We’ve heard a lot about renewable energy. We are told that wind and solar panels should power our future. There was also a time when we were told that we would someday have flying horses as we trained horses to run faster and faster. Sure, that sounds nice, but I wondered if the pieces of the green energy puzzle really fit together and worked. If you look closer then you’ll immediately see that wind is unreliable, with too much wind at one moment and too little or none at all the next. Solar power doesn’t work well on cloudy days and it clearly doesn’t work at all at night. Since we don’t want to sit in the dark, the obvious way to store power is to put electrical energy into batteries. I couldn’t find good articles on how large, how durable, and how expensive that would be. I didn’t see reports on pilot projects to make “renewable” power reliable and usable. Are batteries going to become better and cheaper tomorrow? What I found says that batteries will never convert solar and wind into reliable, large-scale, affordable energy sources. I hope I’m wrong, but this is what I found using high school math.

The need is obvious. We want to light and heat our homes at night. We want to cool our homes during the day. We want to power our factories and our offices around the clock. We want to prepare our meals and store our food all the time. We want to have running water and a functioning waste system at every hour of every day without interruption. Bad things happen to us when we are powerless.

How much power do we use today? The University of Michigan gives us a good first estimate. They said that each of us uses about 12 thousand watt-hours per day at home. We’ll need five times more when we add in commercial, industrial, and transportation uses of energy.

That 12 kW-hr estimate doesn’t capture all the energy we use today. Today, we also use coal, oil, and natural gas. Those sources of energy are not available in the utopian green future. As President Biden said, no more drilling. We will have to be enormously more efficient to do everything we want to do with only 12-kW-hr of electricity per person, but let’s start there and see what happens. Recreational vehicles, boats, and remote cabins use batteries, so let’s see what we need to turn solar power and wind into useful energy at home.

A large lead-acid battery today gives us 100 amp-hours at 12 volts. The battery can give us more, but then it degrades quickly and it won’t take a charge over and over. We derate the discharge level so the battery system will last at least four years before we have to replace it. Four years of use requires about 1400 nightly discharge cycles. We also want to have enough battery storage to last four days when the clouds obscure the sun and the wind doesn’t blow. That doesn’t cover every cloudy and still weather event, but it is a start.
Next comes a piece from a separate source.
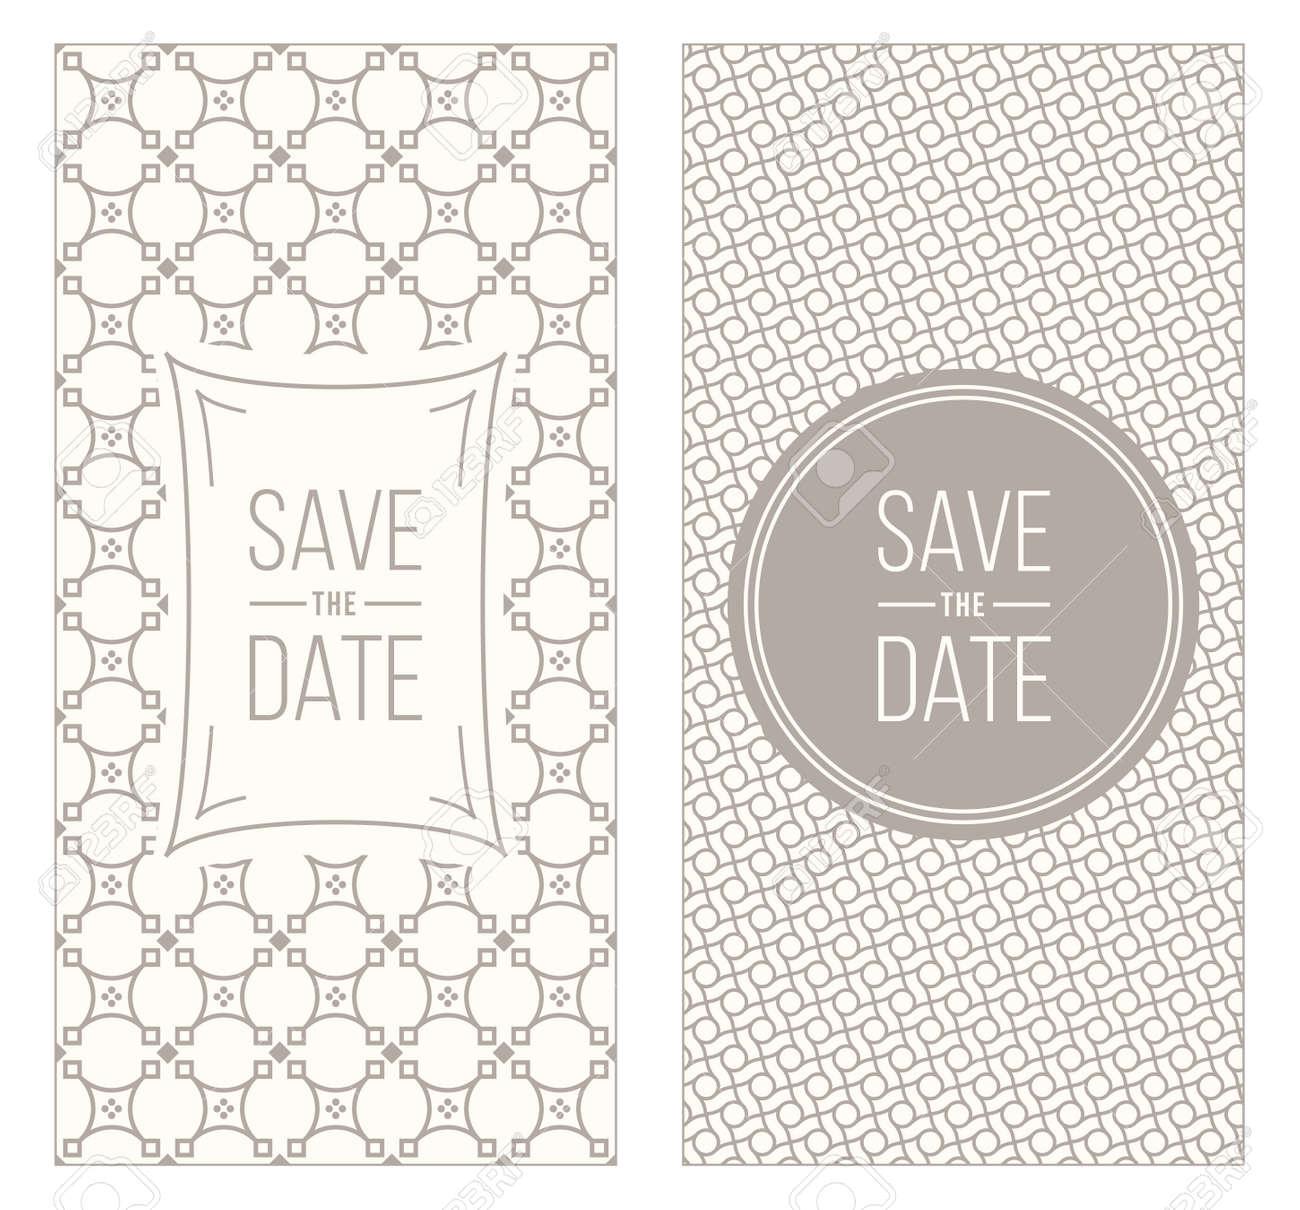 Two Retro Vintage Wedding Invitation Templates - Abstract Geometric ...

Just as I’m not counting the gasoline for our cars and the natural gas to heat our homes, I’m not counting on an extremely cold or an extremely hot day when our energy use is much higher. So far, we’re only looking at the energy we need for four average days of electricity. We may want to have more.

Once you do the math, it means we’re talking about 5,120 pounds of batteries per person at home. The battery and their charging and discharging system fills a 10 by 13 foot room per person. The batteries cost about 15 thousand dollars per person, but that is simply the cost to buy the batteries.

We are ignoring the cost of the charging system that puts energy into the batteries. We didn’t count the discharging system that converts low voltage battery power into the AC power we use in our homes. There are energy losses when we put energy in, when the batteries sit, and when we take energy out, but we are not counting those yet.

We’re ignoring the cost of the building space required to house the batteries. When we add those in, we are looking at numbers more like 30 thousand dollars per person. Since the batteries only last about four years, we also have to budget an additional 600 dollars per month to replace components as they age.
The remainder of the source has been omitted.